In [1]:
# Copyright (c) Thalesians Ltd, 2019. All rights reserved
# Copyright (c) Paul Alexander Bilokon, 2019. All rights reserved
# Author: Paul Alexander Bilokon <paul@thalesians.com>
# Version: 1.0 (2019.04.23)
# Email: education@thalesians.com
# Platform: Tested on Windows 10 with Python 3.6

Datasets

We introduce several datasets used as running examples in TSA.


In [2]:
import pandas as pd

Dataset 1

This dataset is derived from a time series of daily GBP/USD exchange rates, $(S_t)_{t=0,1,\ldots,n}$, $n = 945$, from 1981.10.01 to 1985.06.28, both inclusive. Logarithmic (continuously compounded) daily returns were computed, scaled by 100, and the resulting time series was mean-adjusted: $$X_t = 100 \cdot \left[ \ln S_t - \ln S_{t-1} - \frac{1}{n} \sum_{u=1}^n (\ln S_u - \ln S_{u-1}) \right], \quad t = 1, 2, \ldots, n.$$ This dataset has been extensively studied in the literature [HRS94, SP97, KSC98, DK00, MY00]. We obtained it as part of the course materials for [Mey10], which are publicly available for download. It is not clear which fixing was used as the daily exchange rate to generate the dataset. We attempted to reconstruct the dataset using a time series of WM/Reuters fixes and noticed significant differences. Meyer's time series was also longer than that provided by Reuters by eight points. We chose to use Meyer's dataset without modifications for the sake of reproducibility.


In [3]:
df1 = pd.read_csv('../../../../data/dataset-1.csv')

In [4]:
df1.head()


Out[4]:
daily_log_return
0 -0.320221
1 1.460719
2 -0.408630
3 1.060960
4 1.712889

In [5]:
y1 = df1['daily_log_return'].values

Dataset 2

This dataset is derived from a time series of daily closing prices of the Standard & Poor's (S&P) 500, a stock market index based on the market capitalizations of 500 large companies with common stock listed on the New York Stock Exchange (NYSE) or NASDAQ. The data was provided by Yahoo! Finance service. The closing prices were adjusted for all applicable splits and dividend distributions by Yahoo! in adherence to Center for Research in Security Prices (CRSP) standards. From the prices, $(S_t)_{t=0,\ldots,n}$, $n = 2022$, for the dates from 1980.01.02 to 1987.12.31, both inclusive, we obtained the time series of logarithmic (continuously compounded) daily returns, scaled by 100, and the resulting time series was mean-adjusted: $$X_t = 100 \cdot \left[ \ln S_t - \ln S_{t-1} - \frac{1}{n} \sum_{u=1}^n (\ln S_u - \ln S_{u-1}) \right], \quad t = 1, 2, \ldots, n.$$ This is one of the time series used in [Yu05]. We generated the time series ourselves as we didn't have access to the author's input data. The number of data points in our time series matches that reported in [Yu05, p.172]. We were also able to reproduce some of the results mentioned in that paper very closely using our time series.


In [6]:
df2 = pd.read_csv('../../../../data/dataset-2.csv')

In [7]:
df2.head()


Out[7]:
daily_log_return
0 -0.553864
1 1.185967
2 0.229915
3 1.941784
4 0.049783

In [8]:
y2 = df2['daily_log_return'].values

Bibliography

[DK00] James Durbin and Siem Jan Koopman. Time series analysis of non-Gaussian observations based on state space models from both classical and Bayesian perspectives (with discussion). Journal of the Royal Statistical Society, Series B, 62:3-56, 2000.

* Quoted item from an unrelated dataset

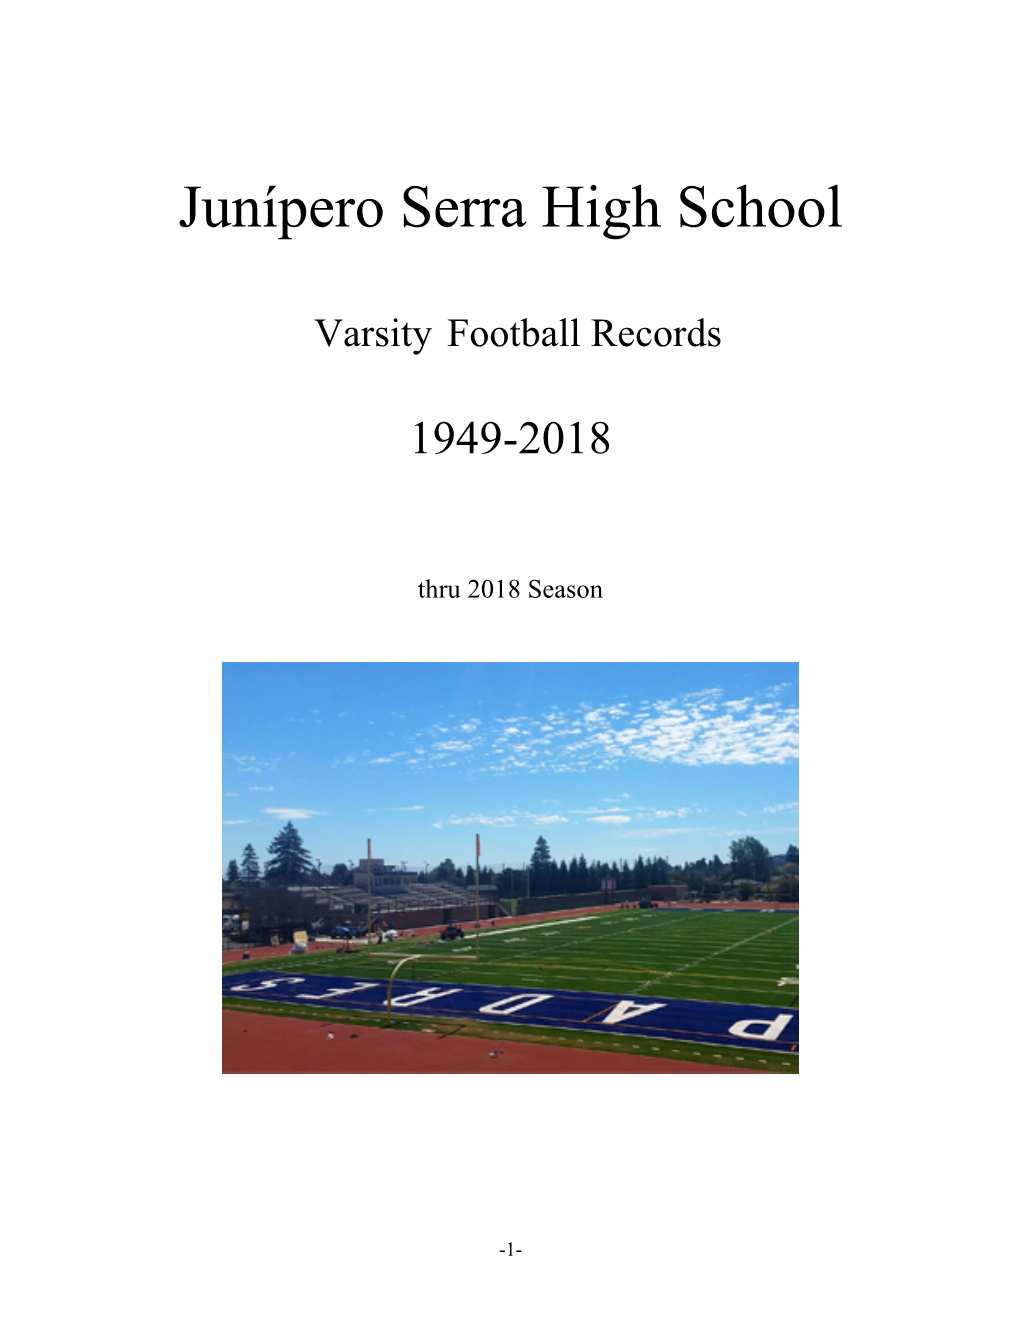 Junipero Serra High School Football Records

[HRS94] Andrew C. Harvey, Esther Ruiz, and Neil Shephard. Multivariate stochastic variance models. Review of Economic Studies, 61:247-264, 1994.

[KSC98] Sangjoon Kim, Neil Shephard, and Siddhartha Chib. Stochastic volatility: Likelihood inference and comparison with ARCH models. The Review of Economic Studies, 65(3):361-393, July 1998.

[MY00] Renate Meyer and Jun Yu. BUGS for a Bayesian analysis of stochastic volatility models. Econometrics Journal, 3:198-215, 2000.

[SP97] Neil Shephard and Michael K. Pitt. Likelihood analysis of non-Gaussian measurement time series. Biometrika, 84:653-667, 1997.

[Yu05] Jun Yu. On leverage in a statistical volatility model. Journal of Econometrics, 127:165-178, 2005.